* _Requirement_: Please repeat the listing below exactly, but do not include its pictures.

* _Data block_:
----

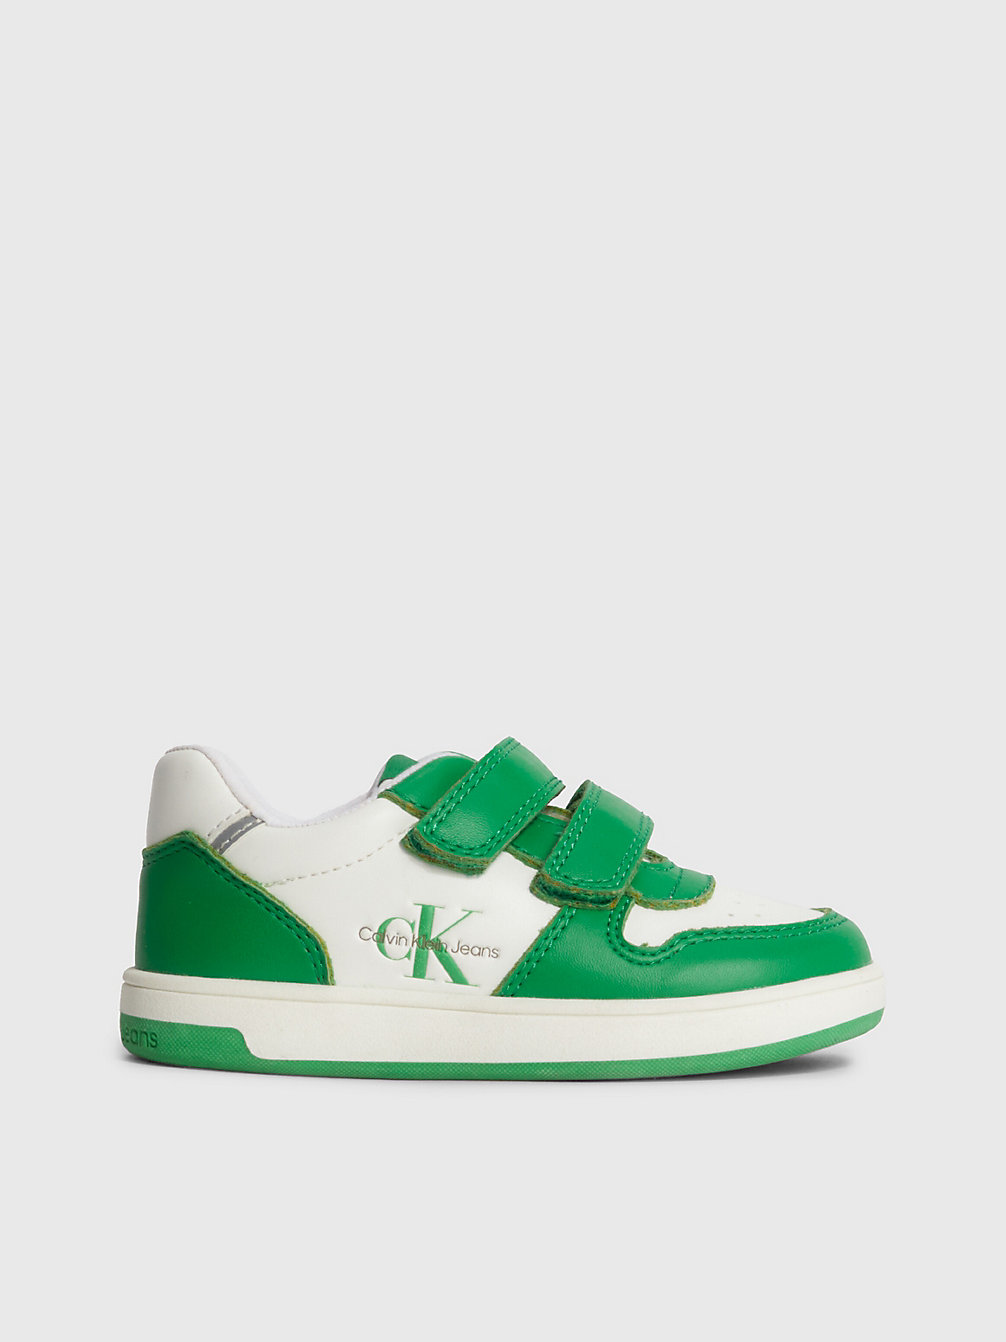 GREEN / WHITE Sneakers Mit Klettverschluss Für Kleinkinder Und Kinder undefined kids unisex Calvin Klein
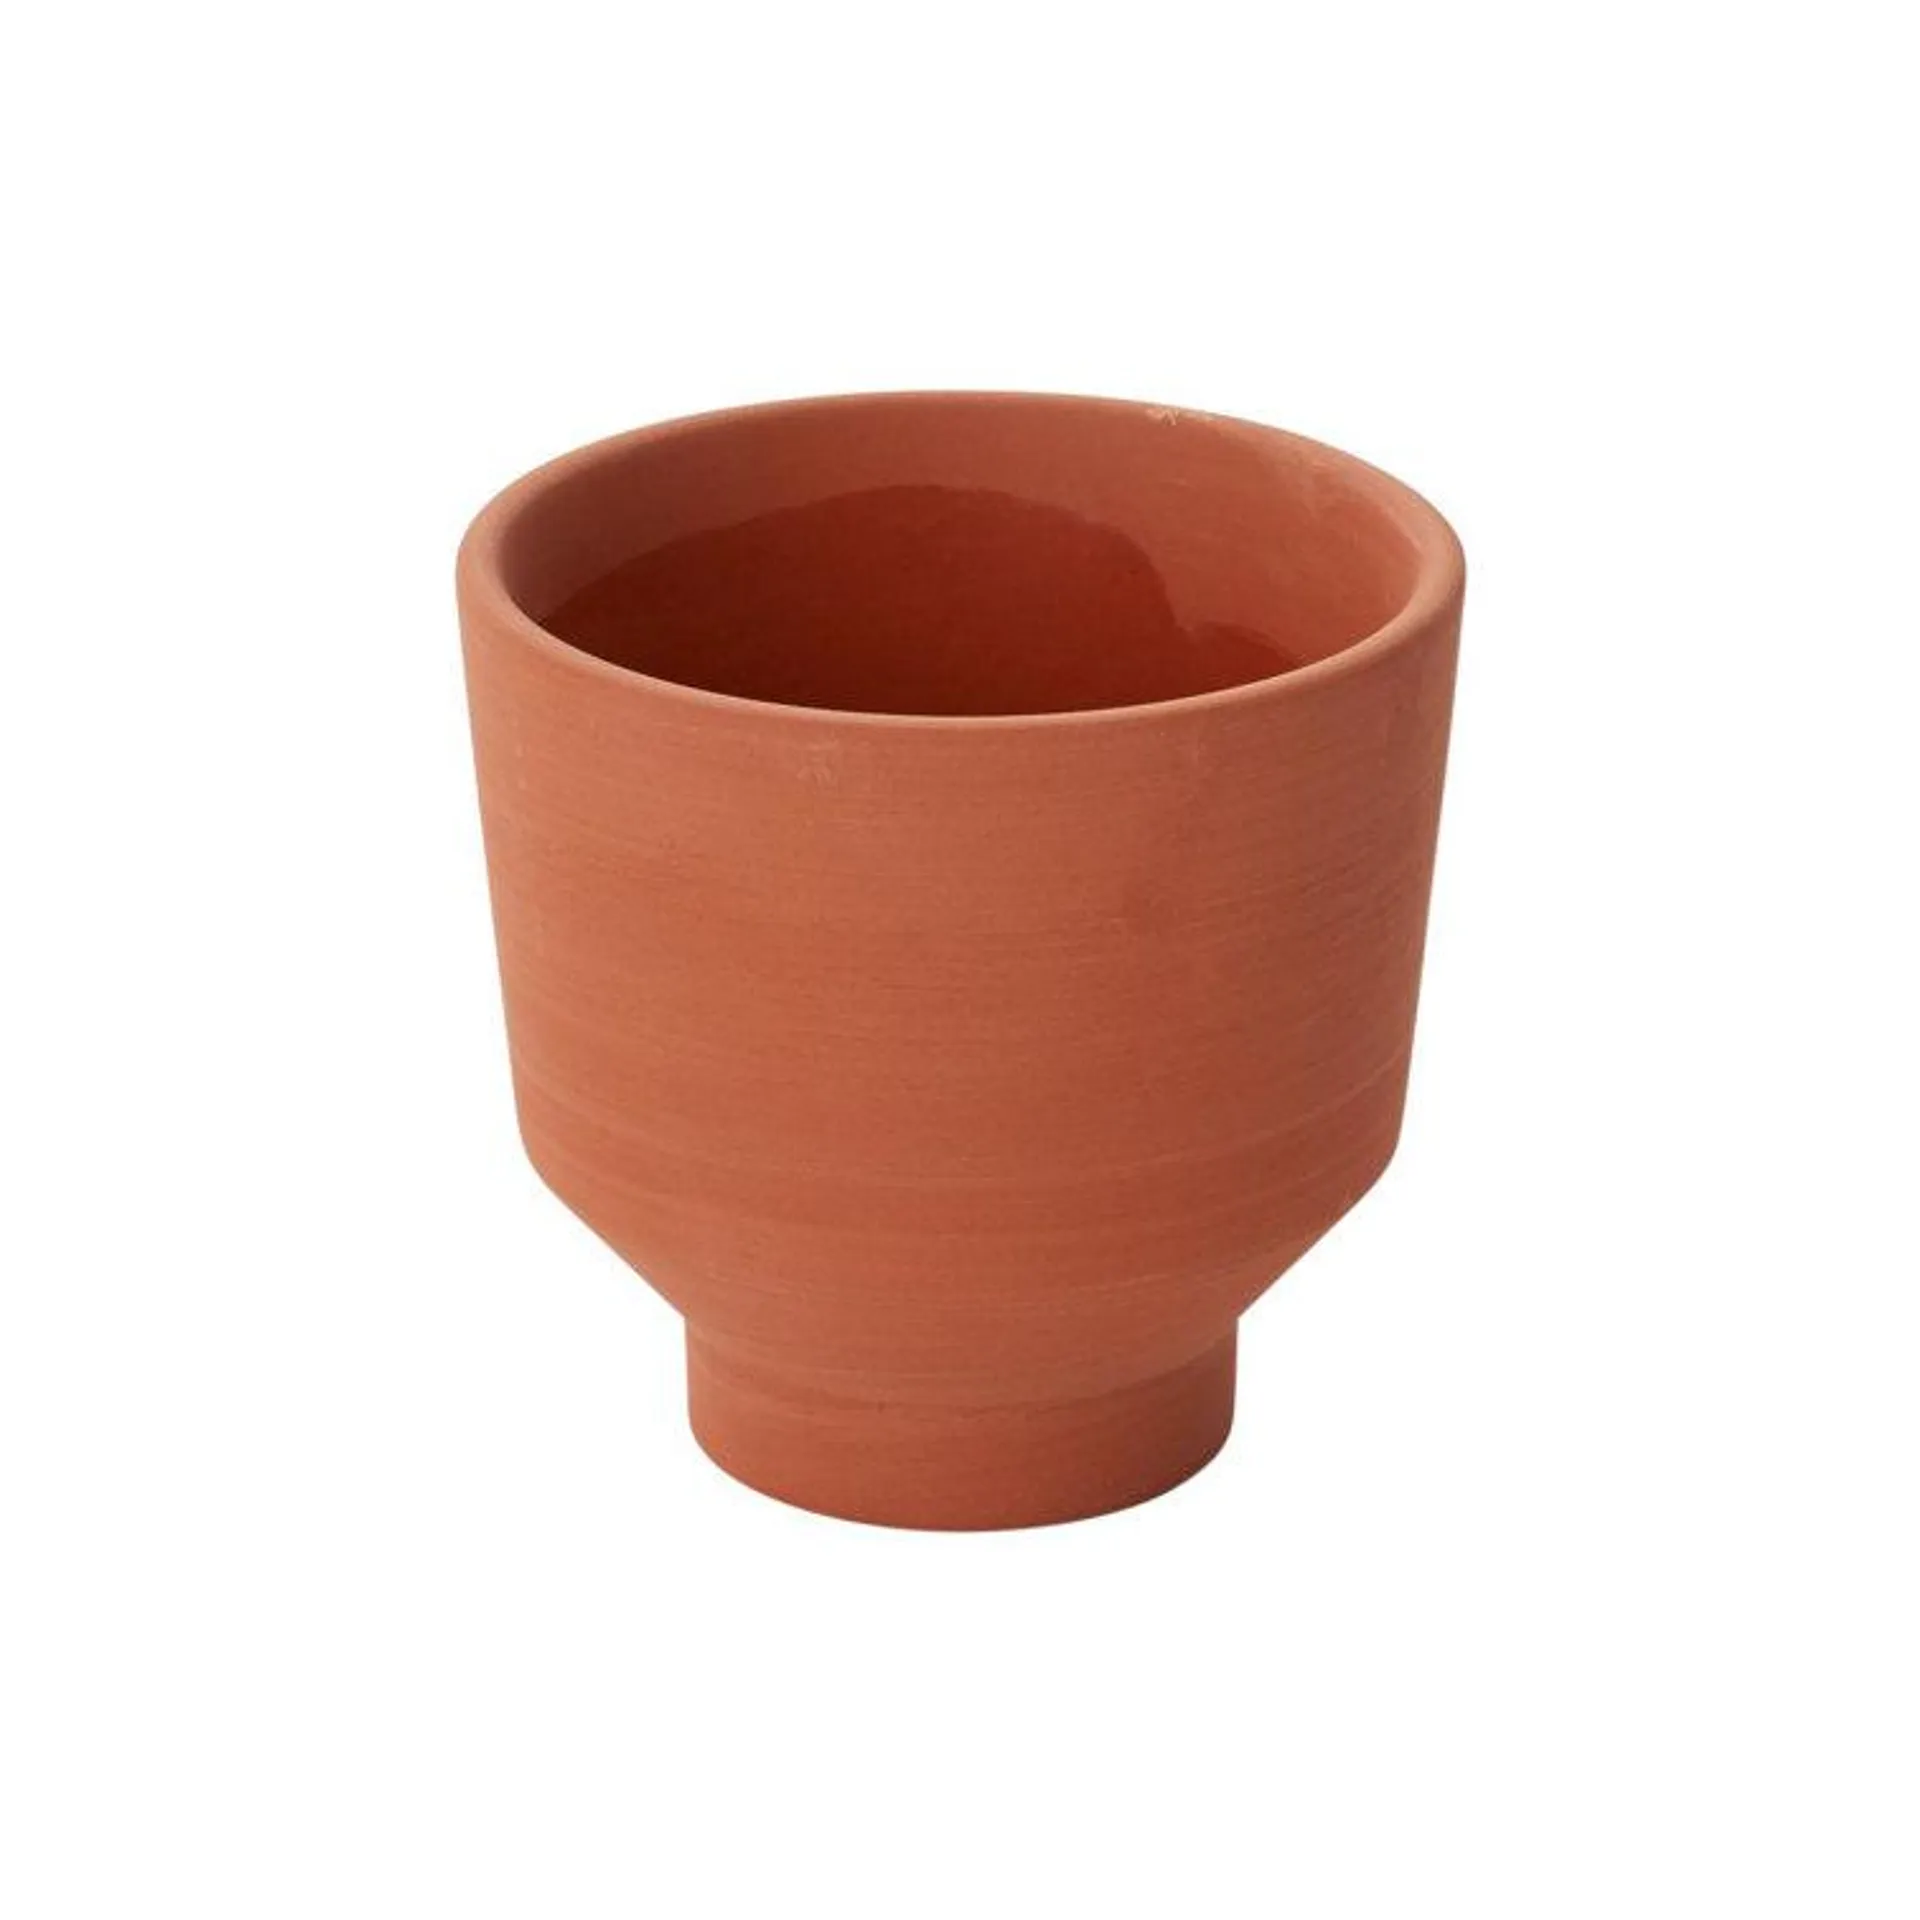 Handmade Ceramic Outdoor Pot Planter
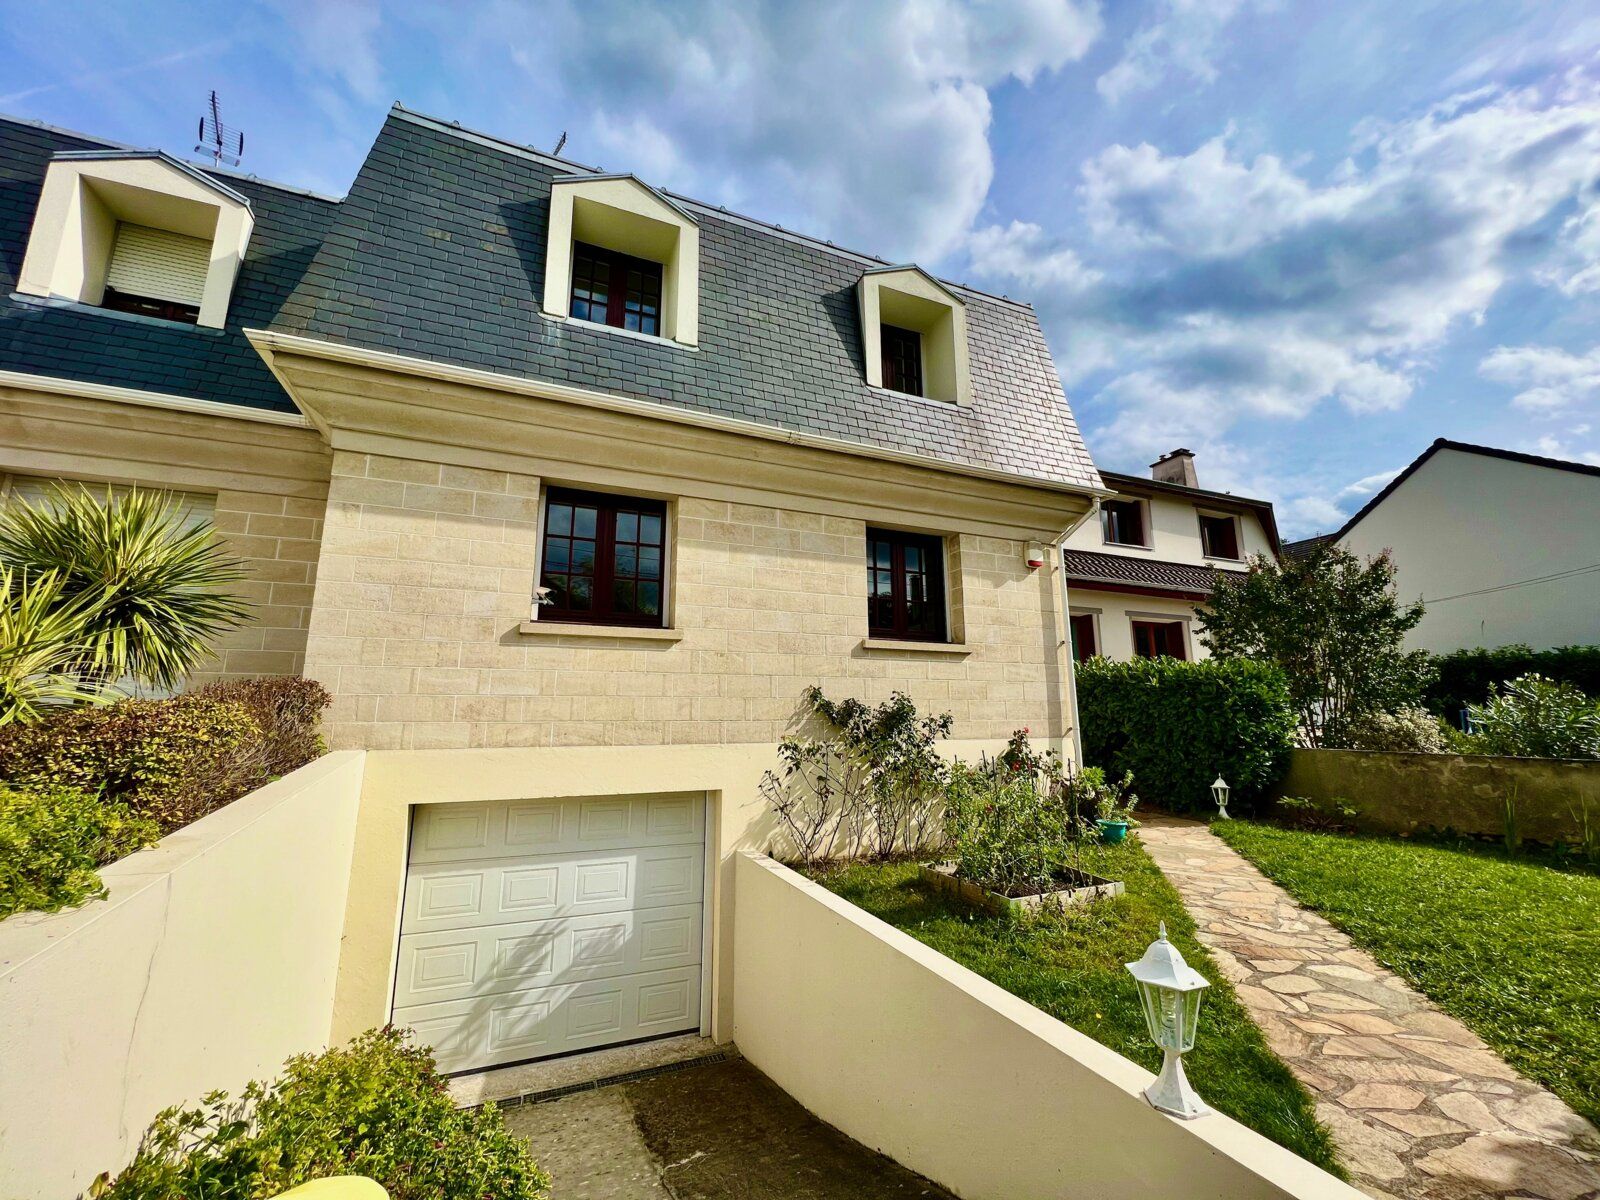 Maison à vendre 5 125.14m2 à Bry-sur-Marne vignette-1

----

* _Written response_:
 GREEN / WHITE Sneakers Mit Klettverschluss Für Kleinkinder Und Kinder undefined kids unisex Calvin Klein
 Handmade Ceramic Outdoor Pot Planter
 Maison à vendre 5 125.14m2 à Bry-sur-Marne vignette-1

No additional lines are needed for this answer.